The lobby was lit by dim lights from the concession stand and the amber glow of street lamps from outside. My thief was nowhere in sight. I knew the theater's layout as well as any visitor, but not knowing what my thief was after meant I wasn't sure where to go. I hated being so new and clueless. For the thousandth time, I considered ditching my legacy and going back to being a simple street magician who was too busy trying to find a flop to worry about fighting crime.

I didn't want to give up. Couldn't. I could manage this; I just needed help.
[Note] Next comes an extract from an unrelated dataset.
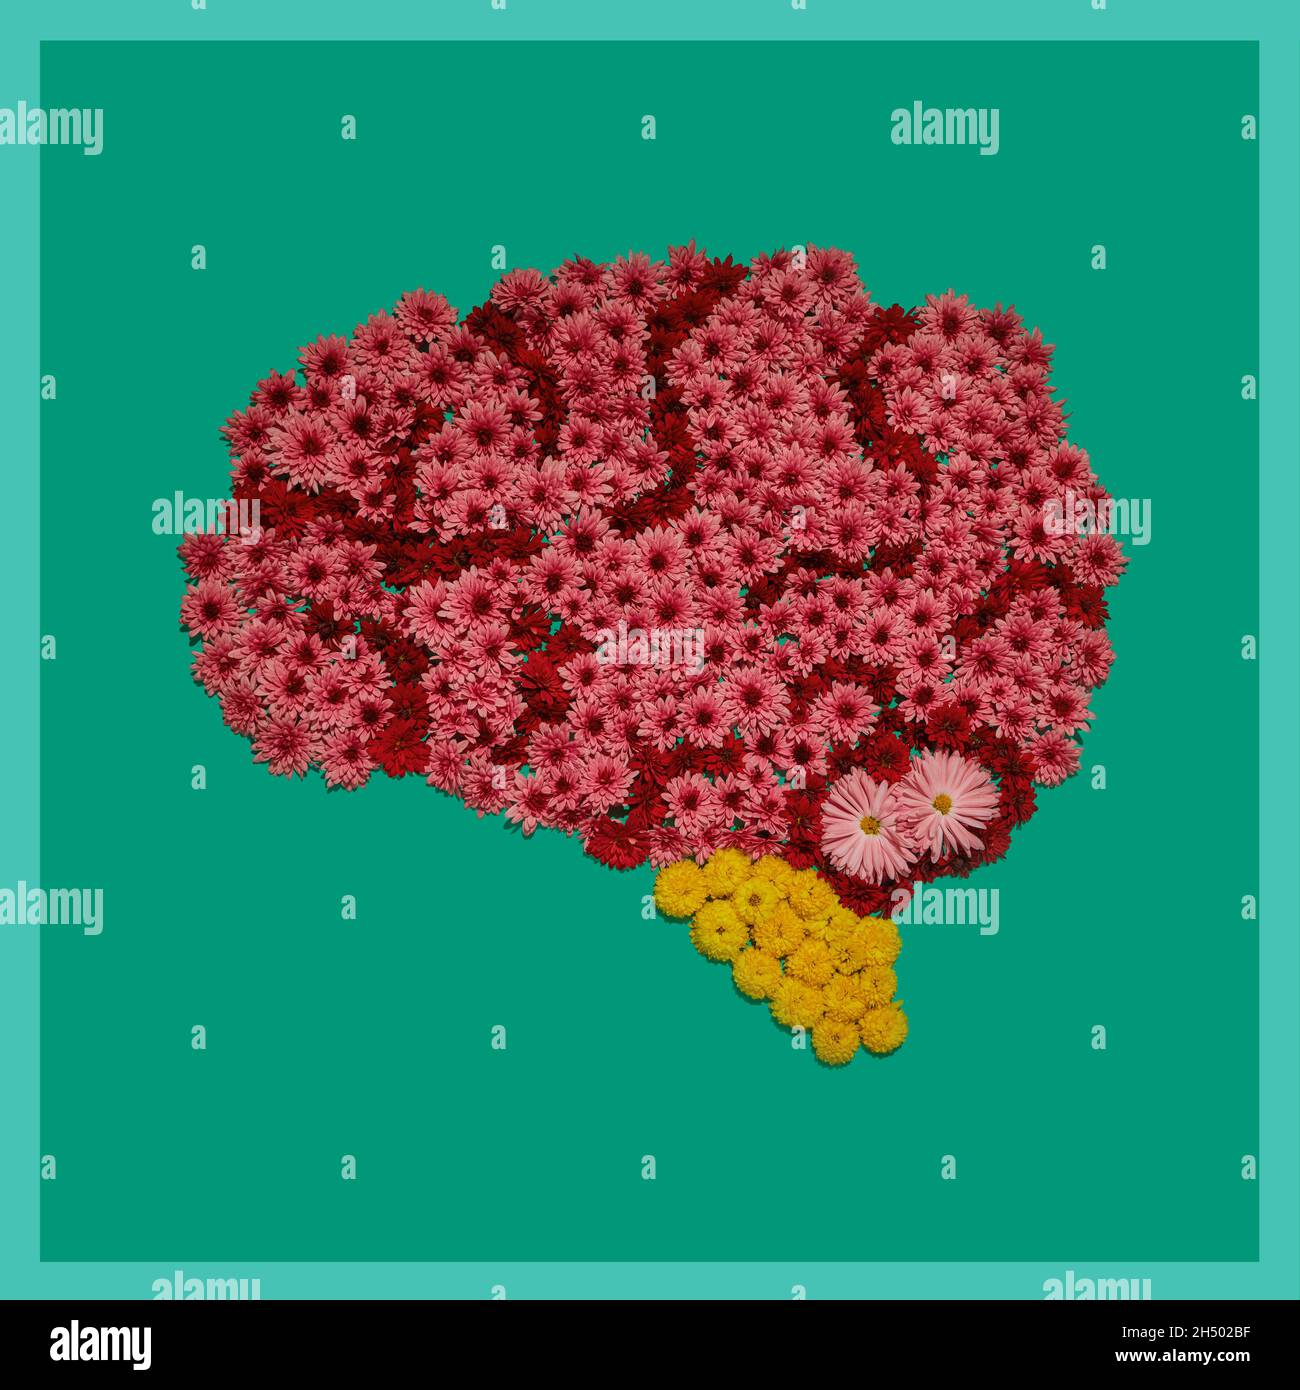 Modèle anatomique du cerveau humain , installation de fleurs sur fond vert.Partie de l'ensemble des images des organes humains internes Banque D'Images

I closed my eyes and concentrated again on the Shadow Realms. This time, instead of stepping into shadow, I pulled something out of it. The mass was sticky and unformed, more like tar than taffy, and it clutched at my mind with little claws of darkness, scrabbling for purchase. I whispered a name, shaping the darkness before it sent me into a panic. This was another thing I feared I'd never grow used to – calling creatures from the shadow. The claws released my mind, and the scrabbling that only I could hear was replaced by the real scrape of claws on the lobby carpet.

“Templeton.” I sighed with relief. The rat, about the size of a terrier and composed of shadow, snuffled around my feet.

“Hello, Missy,” he whispered. His snuffling ranged further afield, along the base of the concession counter and up the paneled sides as high as he could reach on hind legs.

“Hey, Templeton.” I kept my voice low. “Would you mind giving me a hand with something?”

“Of course,” Templeton said, but curiosity outweighed his ability to focus on a conversation. He continued to snuffle around the concession counter, rounding the corner and going straight for the popcorn machine. “What smells so good?”

“Get back here,” I hissed, following him behind the counter. I was about to yank him away from the industrial popper when I heard a sound from the street. Footsteps. Someone was coming.

I crouched low and peered around the corner of the counter, shushing Templeton. Just in time. A new shadow approached the main doors, a dark shape against the frosted glass. The silhouette twisted to look over its shoulder, then bent to fiddle with the latch on the main doors. A few moments later there was a soft
ka-chunk
and the door pushed open. The figure slipped in and tucked two thin slivers of metal into a pouch at her belt. I was impressed. As a magician, I knew my way around a set of lock picks, but I could never have popped a tumbler that fast. She was a pro.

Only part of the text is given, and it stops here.